Meine CV (Tele) bewahrt mich vor jeglichem Tele-GAS. Als ich vor einiger Zeit meinen Amp nach ner Neuberöhrung kurz im Laden antestete, habe ich bei Gelegenheit mehrere Teles in die Hand genommen. Keine davon hat mir annähernd so gefallen, wie die CV daheim. Dann wiederum testete ich letztens mehrere CVs (auch ne Tele) im Laden an, die alle(!) katastrophal waren.
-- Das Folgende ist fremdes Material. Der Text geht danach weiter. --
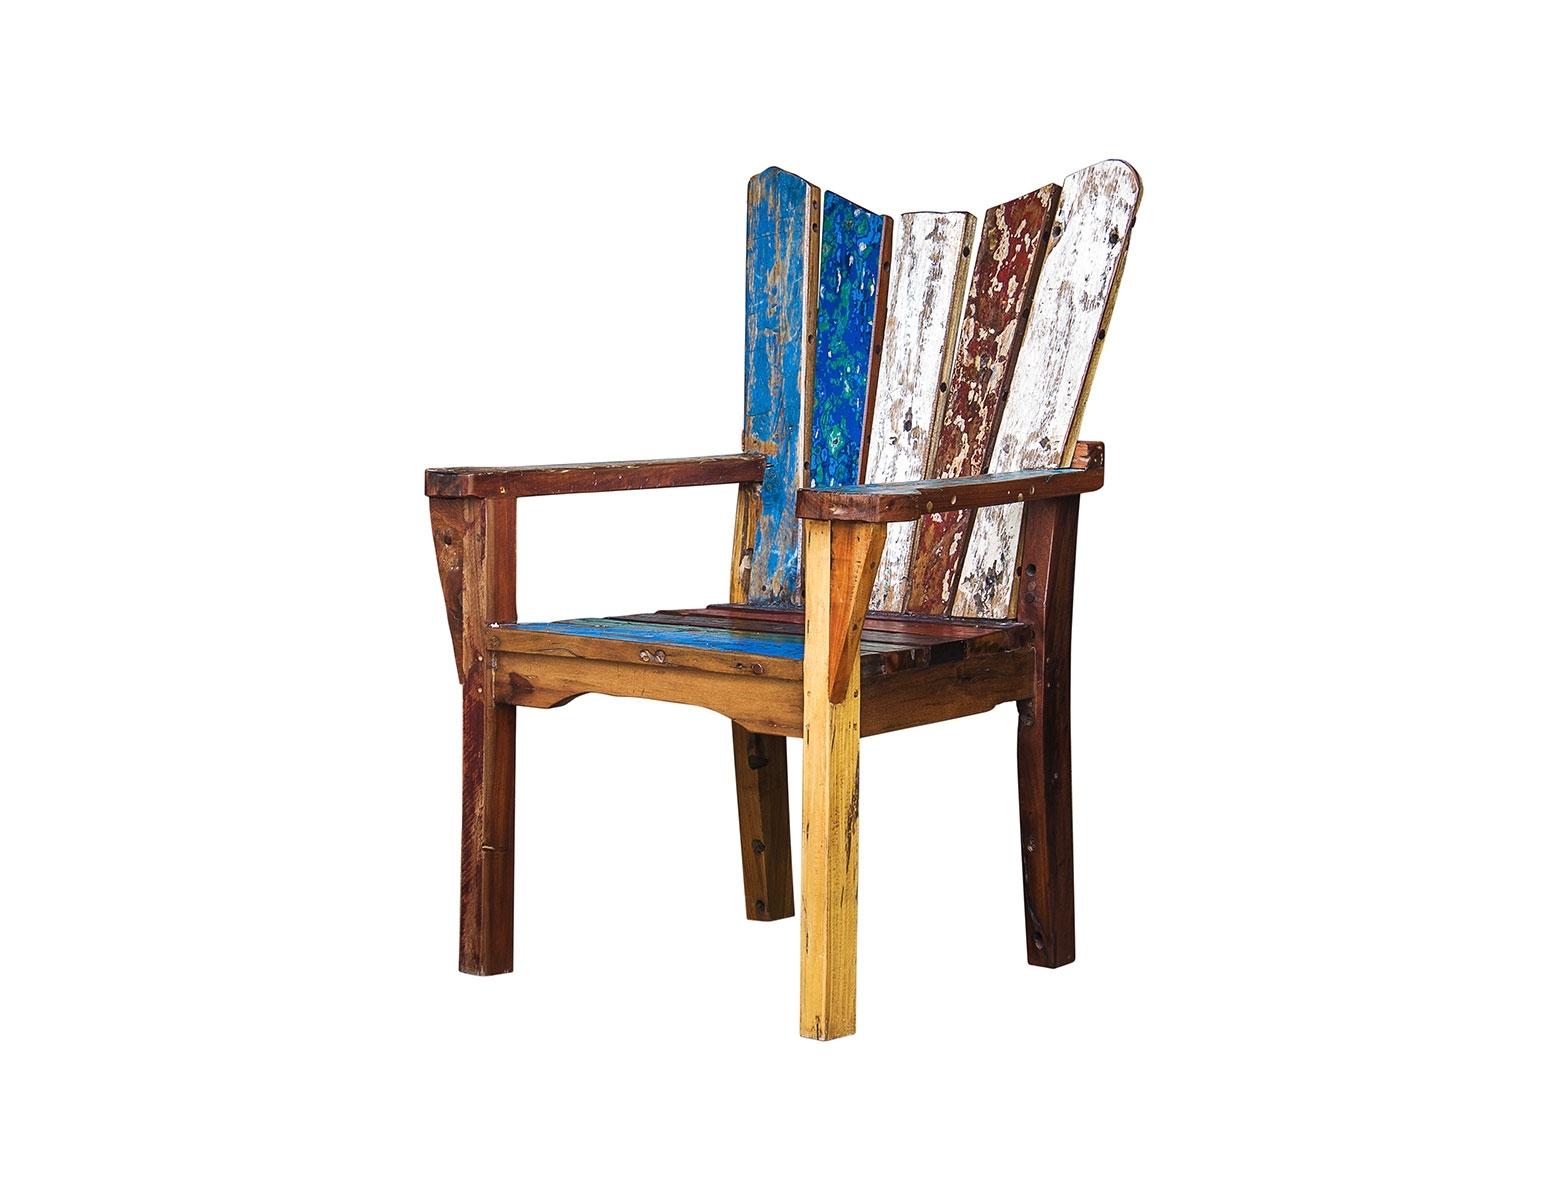 Кресло ЧеховКресла для сада<br>Кресло, выполненное из массива древесины старого рыбацкого судна, такой как: тик, махагон, суар, с сохранением оригинальной многослойной окраски.<br><br>С 2 подлокотниками, подходит для работы и отдыха.<br>Подходит для использования как внутри помещения, так и снаружи.<br>Сборка не требуется.<br><br>Material: Тик<br>Width см: 75<br>Depth см: 65<br>Height см: 110

Als ich meine damals kaufte wars noch ne echt schwere Wahl, und damals haben die € 295 gekostet.

Unterm Strich kann man also, grad bei Gitarren, nur seehr schlecht pauschalisieren. Hinzu kommt eben auch noch, was man von dem Modell erwartet, und grad Strats gibt es ja schon von Fender in soo vielen Variationen. Welche Art willst Du, und welche Art sollten die CVs darstellen? Das kann und muss, zusammen mit der Qualitätsstreuung (die ich bei Fender recht hoch finde) nicht immer zusammenpassen.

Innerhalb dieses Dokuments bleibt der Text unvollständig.